Clarín

“Cruzar los dedos”, un ritual extraño

- Miguel Jurado mjurado@clarin.com

Cruzó por debajo de un puente justo cuando pasaba el tren. “Buena suerte”, pensó y se dispuso a elegir un deseo. Le venía justo, estaba convencida de que necesitaba un poco más de suerte.

Lo primero que pensó fue en elegir como milagro que la llamara el Turco, porque el Turco era un tipo conectado y le sobraba laburo. Pero la cosa no era que ella lo llamara a él. Porque llamarlo era como mostrar que estaba en la lona, que no tenía trabajo, que estaba de oferta. “No hay que dar esa imagen”, pensó.

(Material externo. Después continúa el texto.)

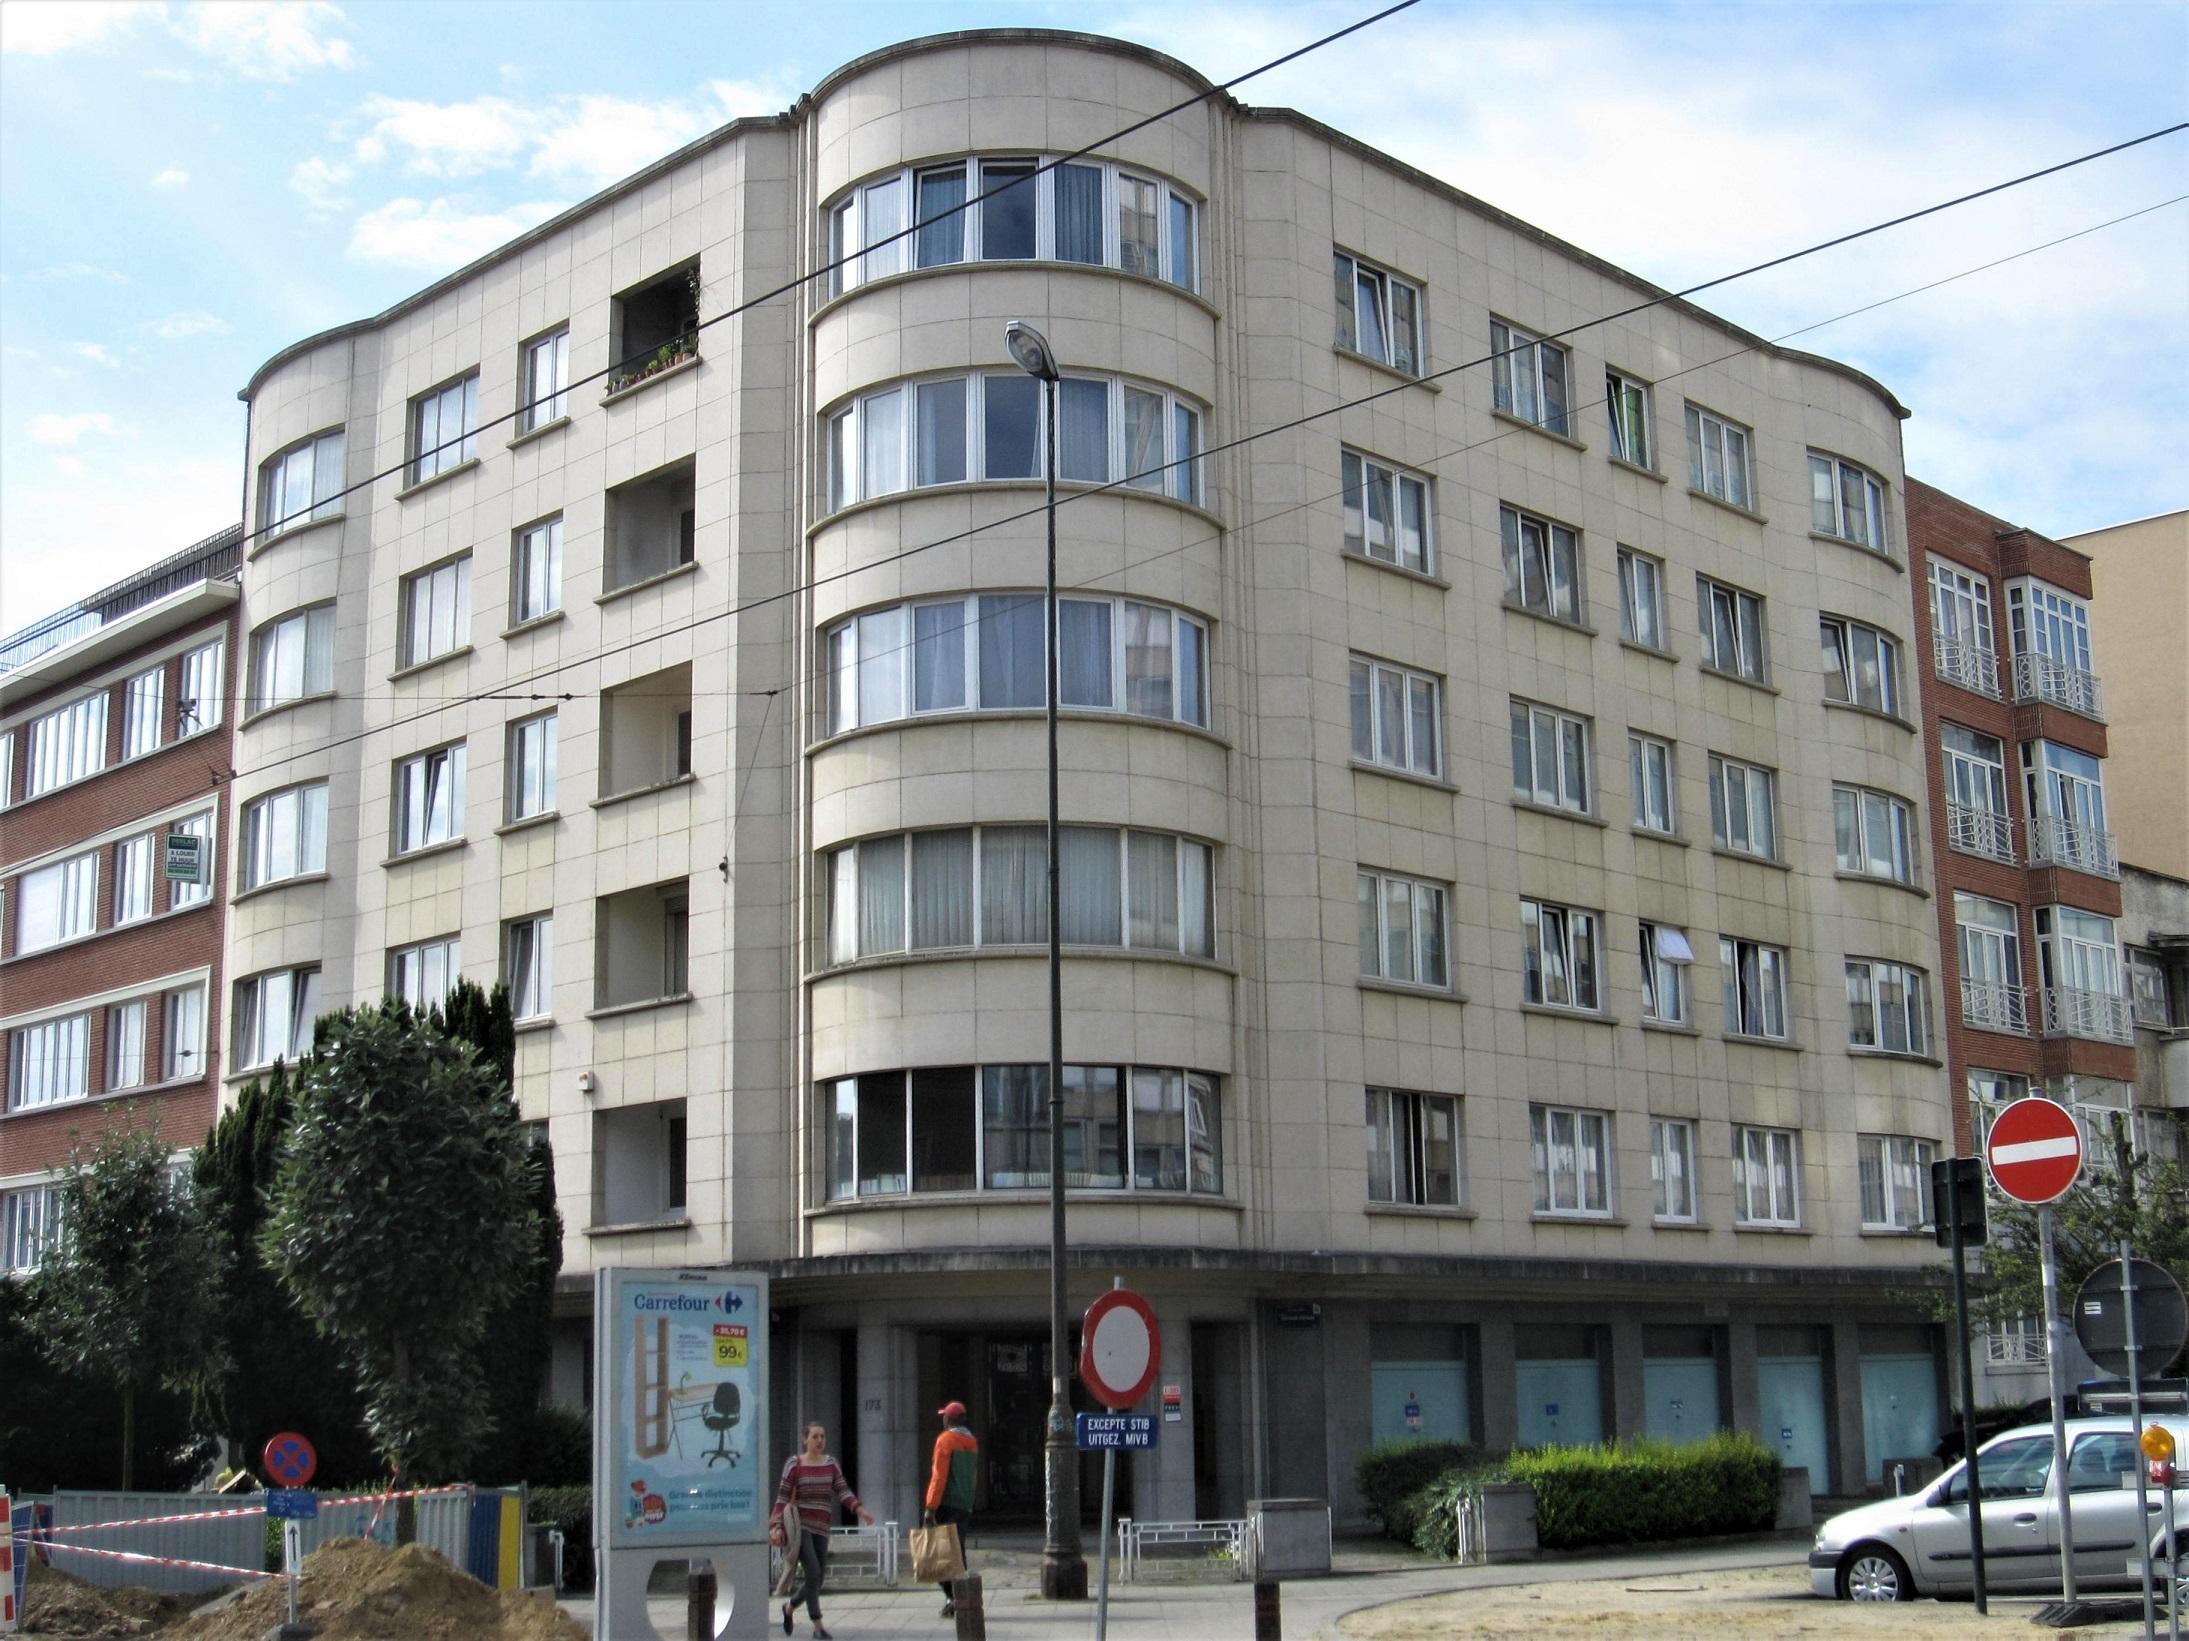 Avenue Adolphe Buyl 173, Résidence Athena, 2013

Estaba claro que lo mejor era que él la llamara a ella, pero eso sería pedir demasiado. Pensó que si postulaba un deseo más modesto sería más fácil que se cumpliera. Lo segundo mejor que se le ocurrió era encontrar al Turco de casualidad. Así podría hablar de cosas triviales, preguntarl­e por la mujer… por la hijita (debe estar por cumplir los cinco) y, como una cosa lleva a la otra, seguro que el Turco le iba a preguntar en qué andaba. Ella iba a decir que estaba tapada, pero que se quería abrir a cosas nuevas, que la buena onda en el laburo es lo más importante, que pin, que pan, que pun, al final, le iba a pedir trabajo sin parecer desesperad­a.

Consumió dos cuadras desde el puente con los dedos cruzados para mantener activo el tiempo para pedir el deseo. Ya estaba casi convencida de que ese encuentro era la mejor opción cuando vio que delante suyo caminaban el Turco, su mujer y la hijita.

Se dio media vuelta y cruzó de vereda. Cuando llegó a su casa, todavía tenía los dedos cruzados. No se acordaba para qué.